▸ REQUIRED WORK
Transcribe the lines below verbatim, skipping the images.

PROVIDED DATA Start Marker

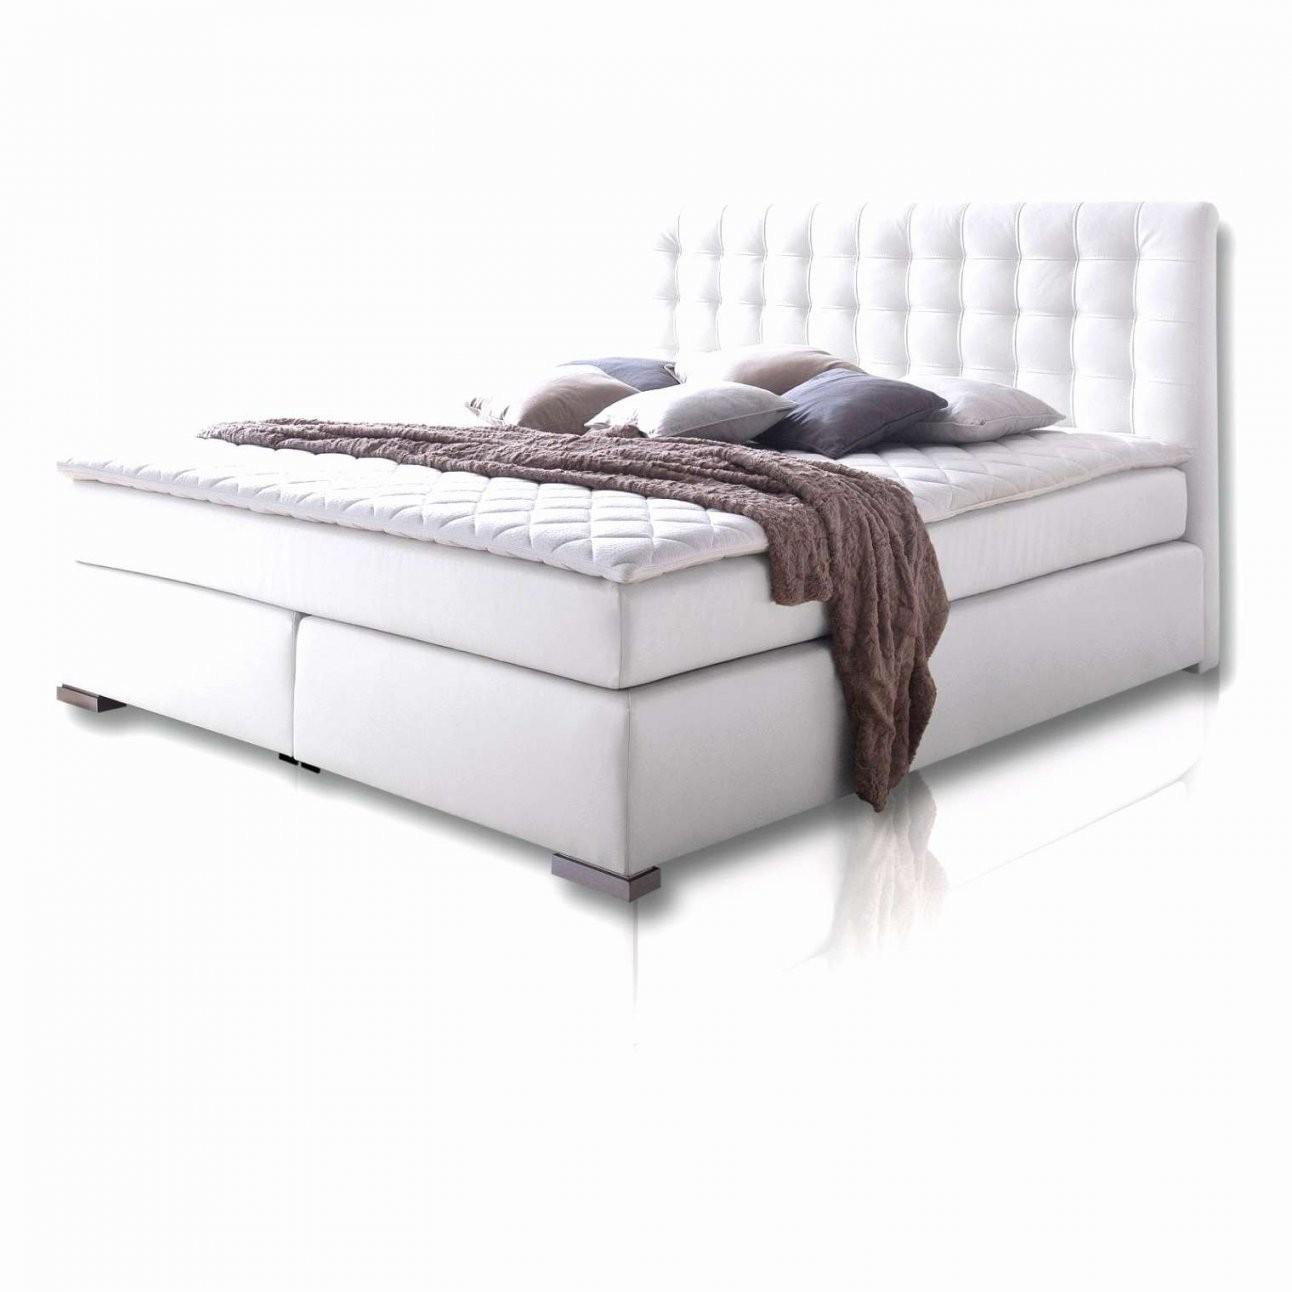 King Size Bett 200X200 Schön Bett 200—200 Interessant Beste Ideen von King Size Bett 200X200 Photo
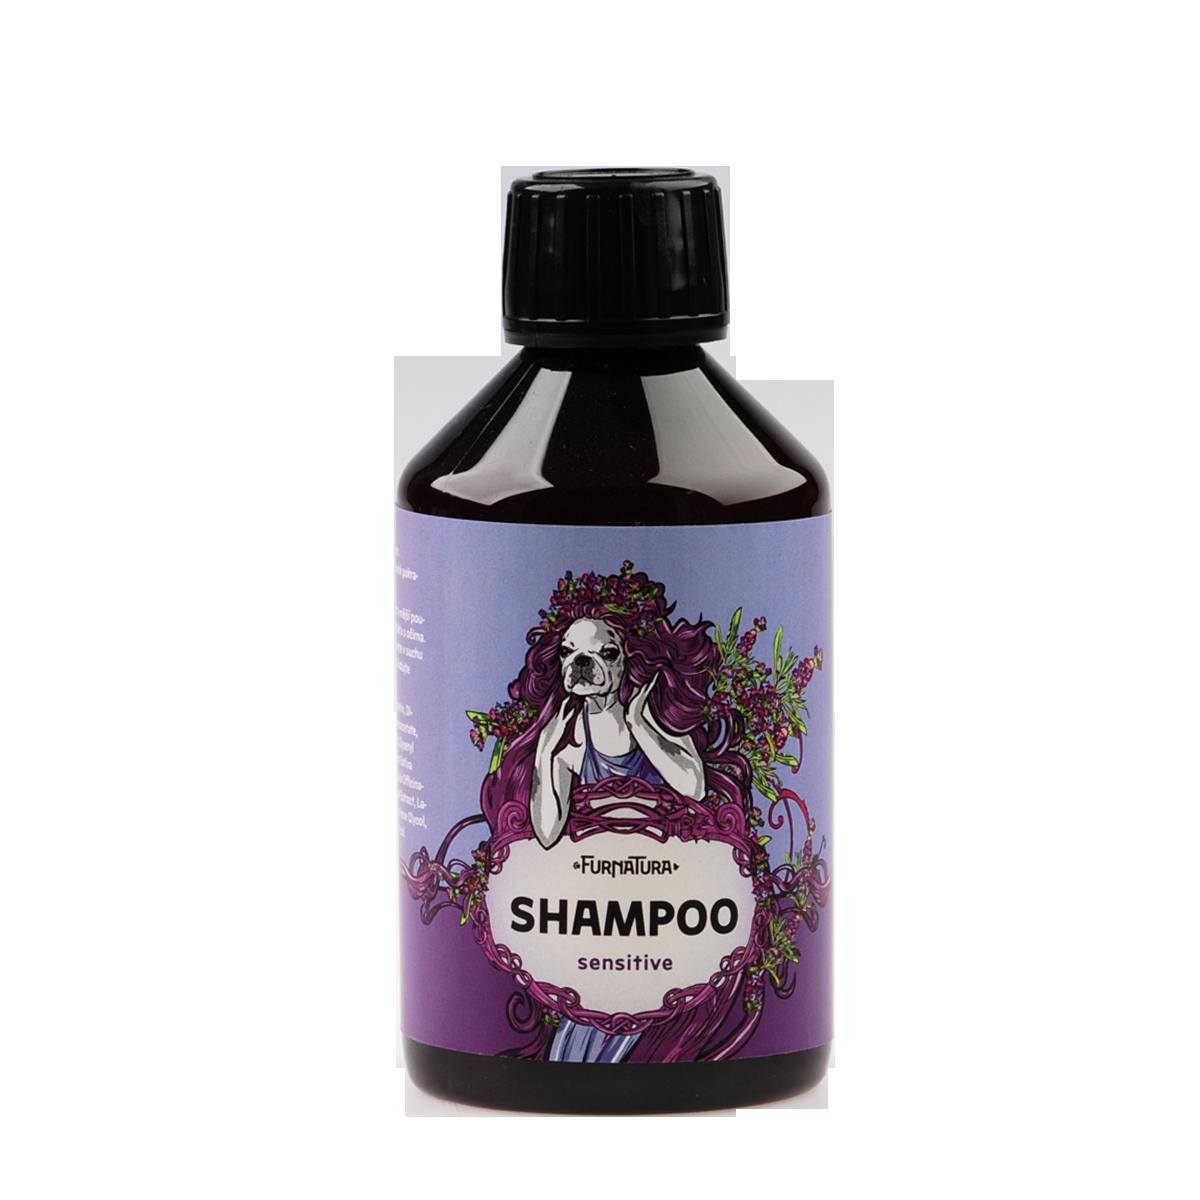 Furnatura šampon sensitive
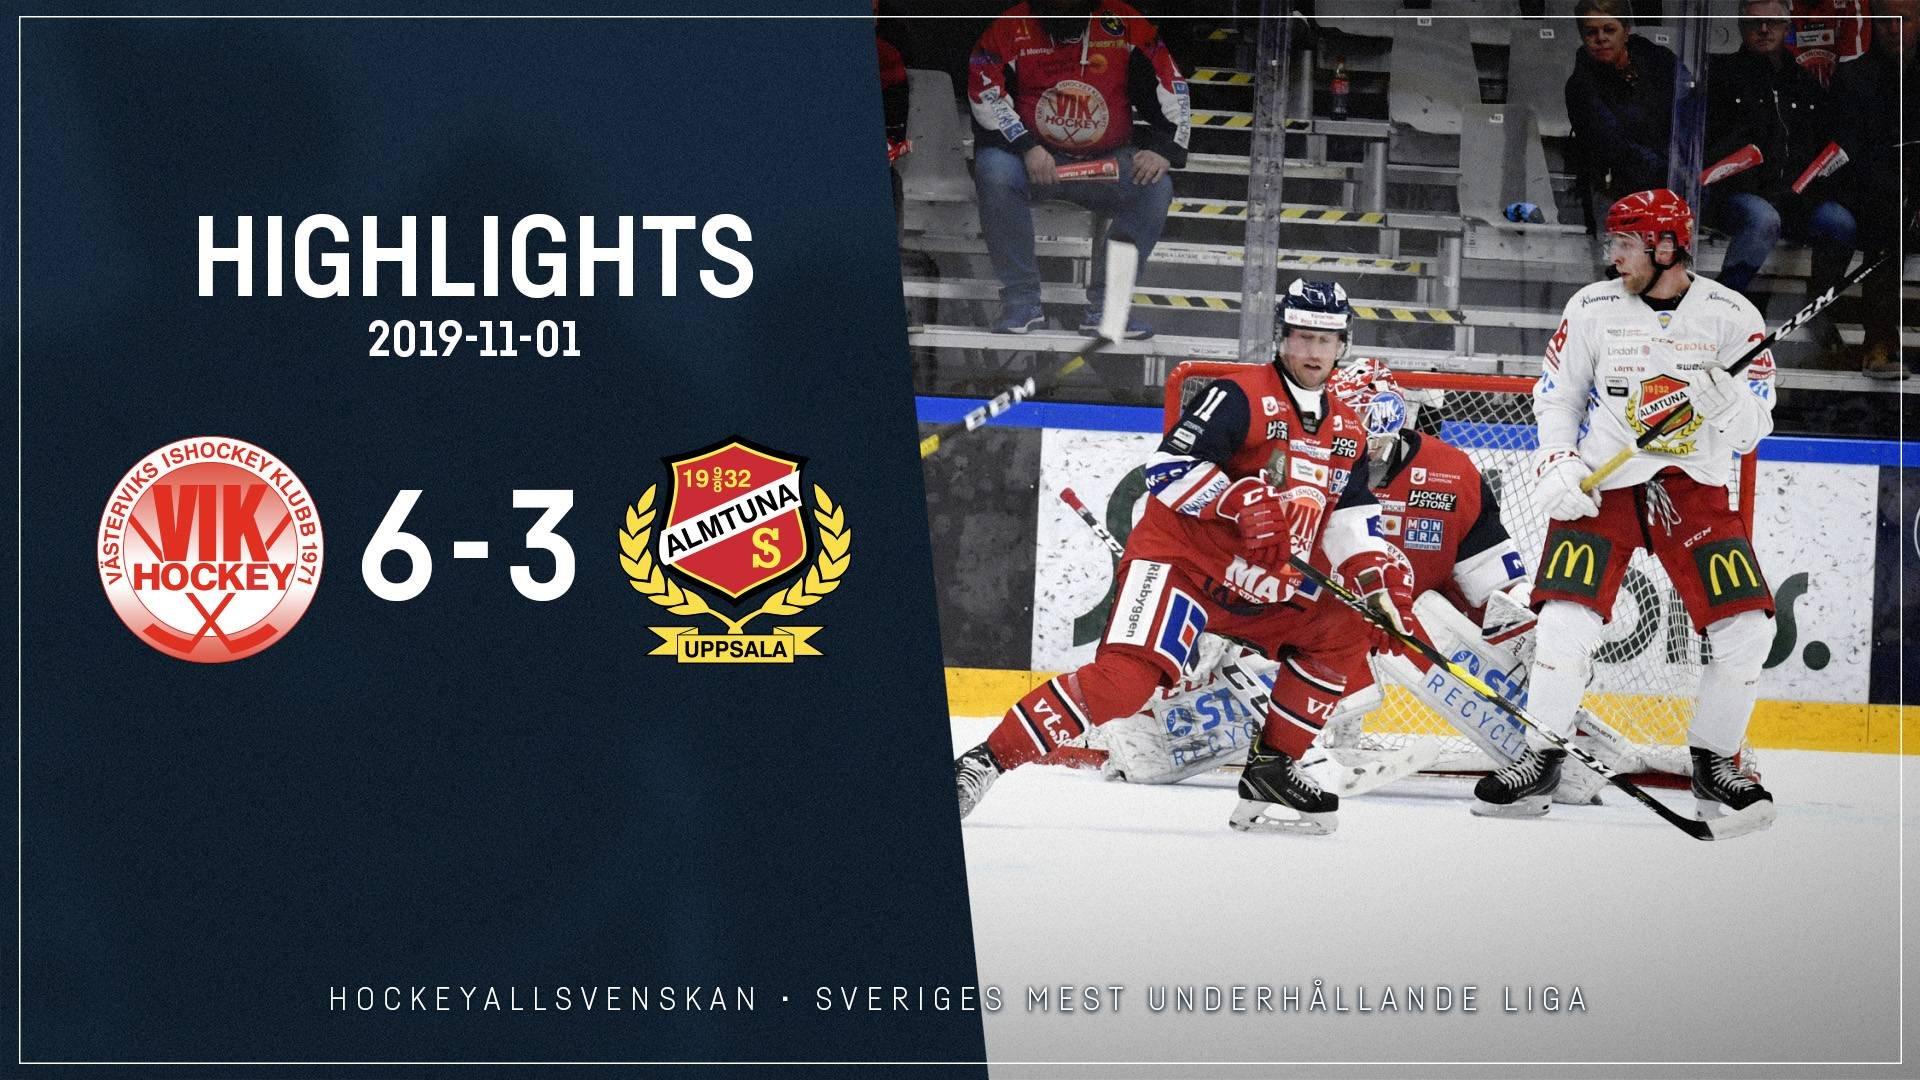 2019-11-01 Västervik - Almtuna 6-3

PROVIDED DATA End Marker

▸ RESULT FOR THIS EXERCISE
 King Size Bett 200X200 Schön Bett 200—200 Interessant Beste Ideen von King Size Bett 200X200 Photo
 Furnatura šampon sensitive
 2019-11-01 Västervik - Almtuna 6-3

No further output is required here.